Named Entity Recognition cognitive skill (v2)

Article
2023-12-29

The Named Entity Recognition skill (v2) extracts named entities from text. Available entities include the types person, location and organization.

Important

Named entity recognition skill (v2) (Microsoft.Skills.Text.NamedEntityRecognitionSkill) is now discontinued replaced by Microsoft.Skills.Text.V3.EntityRecognitionSkill. Follow the recommendations in Deprecated Azure AI Search skills to migrate to a supported skill.

Note

As you expand scope by increasing the frequency of processing, adding more documents, or adding more AI algorithms, you will need to attach a billable Azure AI services resource. Charges accrue when calling APIs in Azure AI services, and for image extraction as part of the document-cracking stage in Azure AI Search. There are no charges for text extraction from documents. Execution of built-in skills is charged at the existing Azure AI services Standard Pay-in-Advance Offer price.

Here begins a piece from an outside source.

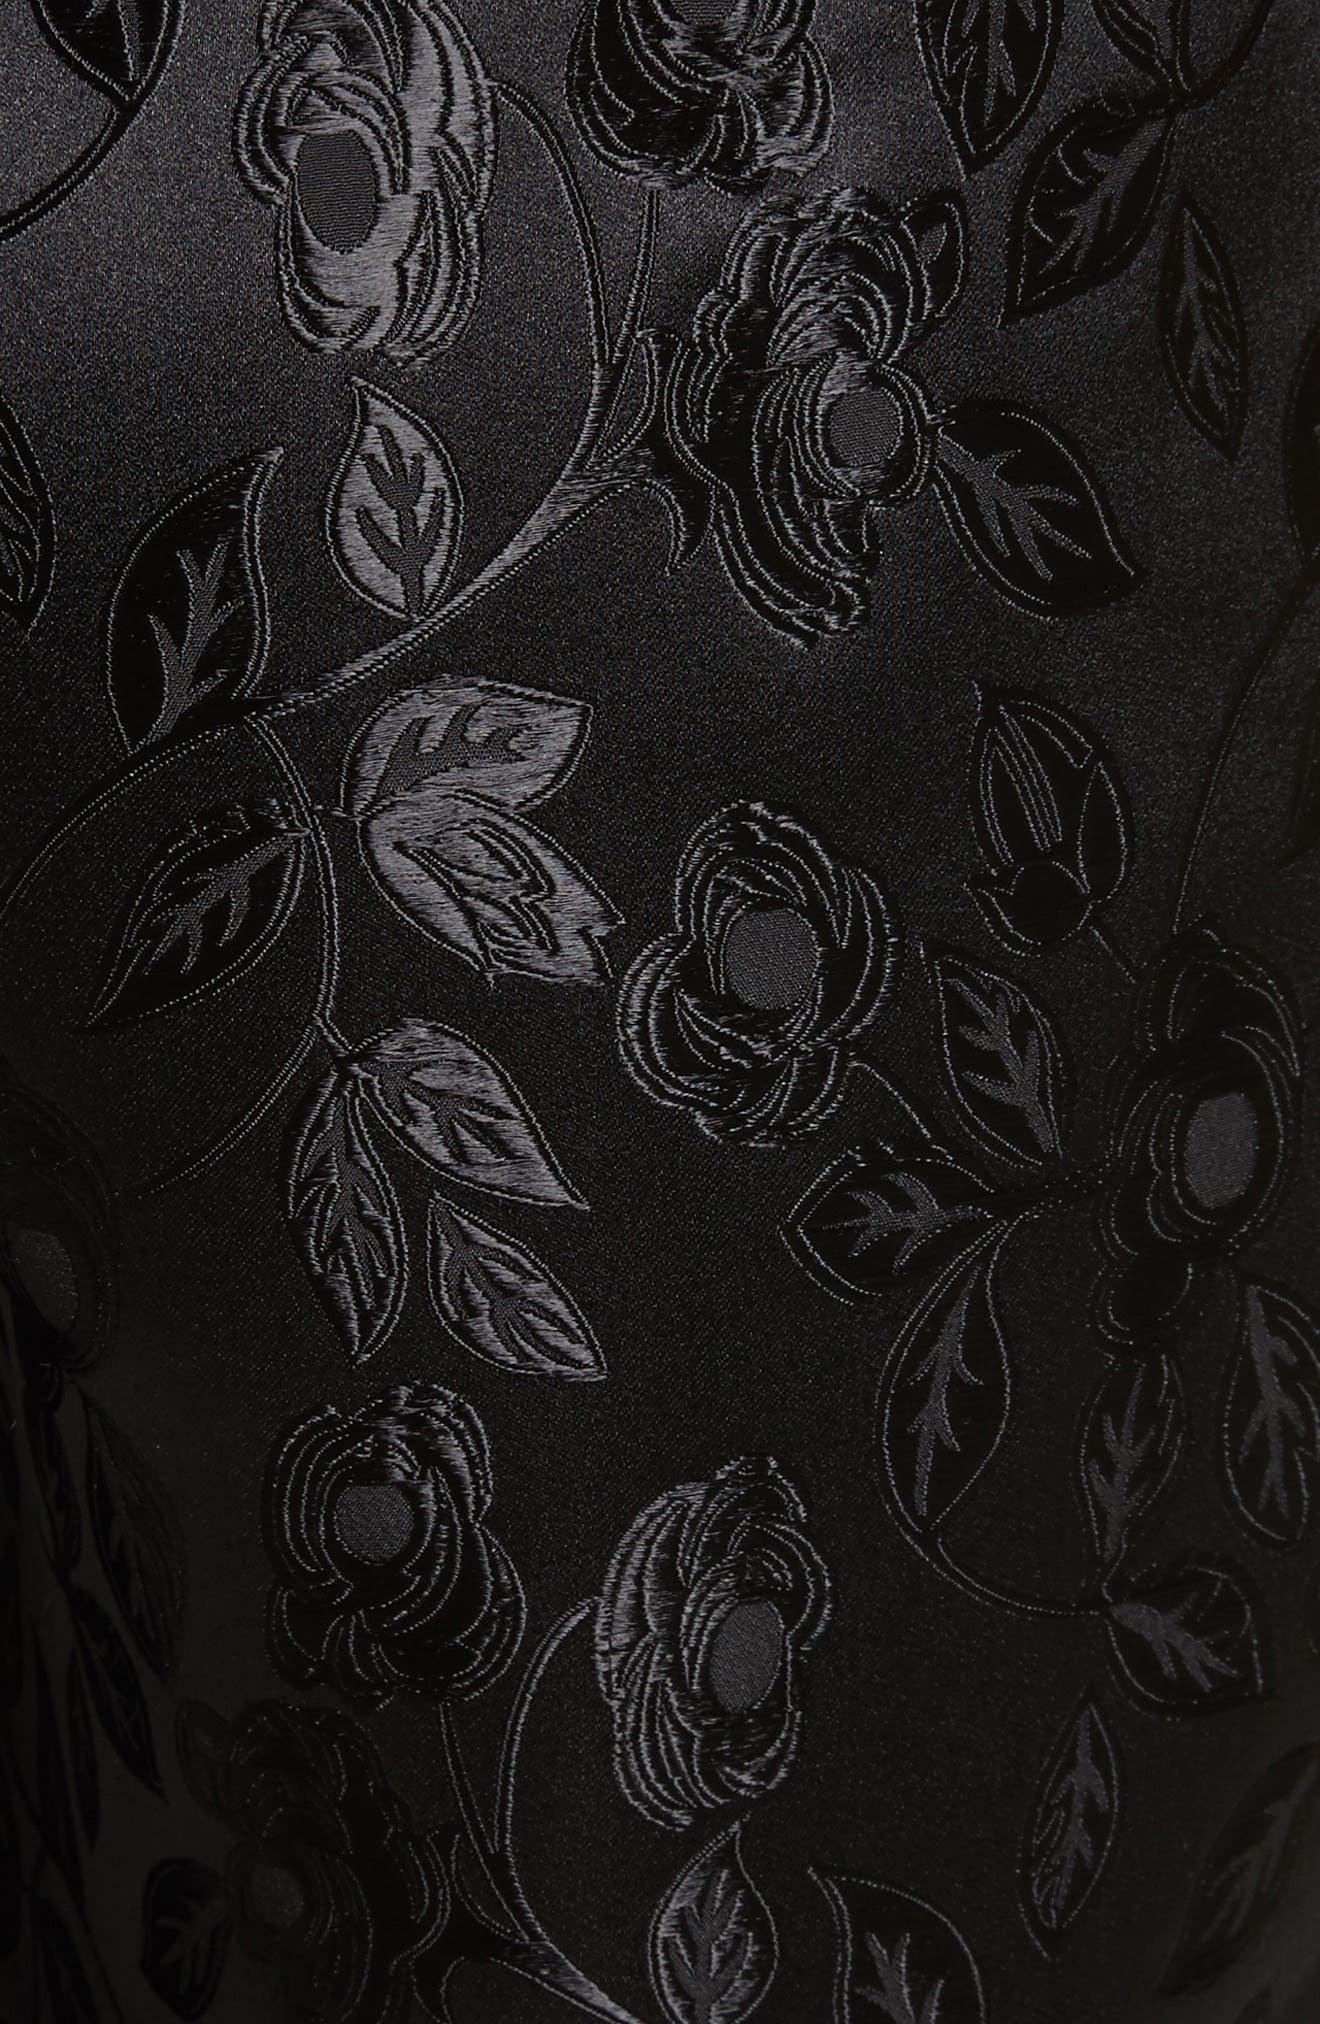 Jacquard Crop Pants,                             Alternate thumbnail 6, color,                             Black

Image extraction is an extra charge metered by Azure AI Search, as described on the pricing page. Text extraction is free.

@odata.type

Microsoft.Skills.Text.NamedEntityRecognitionSkill

Data limits

The maximum size of a record should be 50,000 characters as measured by String.Length. If you need to break up your data before sending it to the key phrase extractor, consider using the Text Split skill. If you do use a text split skill, set the page length to 5000 for the best performance.

Skill parameters

Parameters are case-sensitive.

Parameter name	Description
categories	Array of categories that should be extracted. Possible category types: `"Person"`, `"Location"`, `"Organization"`. If no category is provided, all types are returned.
defaultLanguageCode	Language code of the input text. The following languages are supported: `de, en, es, fr, it`
minimumPrecision	A number between 0 and 1. If the precision is lower than this value, the entity is not returned. The default is 0.

Skill inputs

Input name	Description
languageCode	Optional. Default is `"en"`.
text	The text to analyze.

Skill outputs

Output name	Description
persons	An array of strings where each string represents the name of a person.
locations	An array of strings where each string represents a location.
organizations	An array of strings where each string represents an organization.
entities	An array of complex types. Each complex type includes the following fields: category (`"person"`, `"organization"`, or `"location"`) value (the actual entity name) offset (The location where it was found in the text) confidence (A value between 0 and 1 that represents that confidence that the value is an actual entity)

Sample definition

  {
    "@odata.type": "#Microsoft.Skills.Text.NamedEntityRecognitionSkill",
    "categories": [ "Person", "Location", "Organization"],
    "defaultLanguageCode": "en",
    "inputs": [
      {
        "name": "text",
        "source": "/document/content"
      }
    ],
    "outputs": [
      {
        "name": "persons",
        "targetName": "people"
      }
    ]
  }

Sample input

{
    "values": [
      {
        "recordId": "1",
        "data":
           {
             "text": "This is the loan application for Joe Romero, a Azure employee who was born in Chile and who then moved to Australia… Ana Smith is provided as a reference.",
             "languageCode": "en"
           }
      }
    ]
}

Sample output

{
  "values": [
    {
      "recordId": "1",
      "data" : 
      {
        "persons": [ "Joe Romero", "Ana Smith"],
        "locations": ["Chile", "Australia"],
        "organizations":["Microsoft"],
        "entities":  
        [
          {
            "category":"person",
            "value": "Joe Romero",
            "offset": 33,
            "confidence": 0.87
          },
          {
            "category":"person",
            "value": "Ana Smith",
            "offset": 124,
            "confidence": 0.87
          },
          {
            "category":"location",
            "value": "Chile",
            "offset": 88,
            "confidence": 0.99
          },
          {
            "category":"location",
            "value": "Australia",
            "offset": 112,
            "confidence": 0.99
          },
          {
            "category":"organization",
            "value": "Microsoft",
            "offset": 54,
            "confidence": 0.99
          }
        ]
      }
    }
  ]
}

Warning cases

If the language code for the document is unsupported, a warning is returned and no entities are extracted.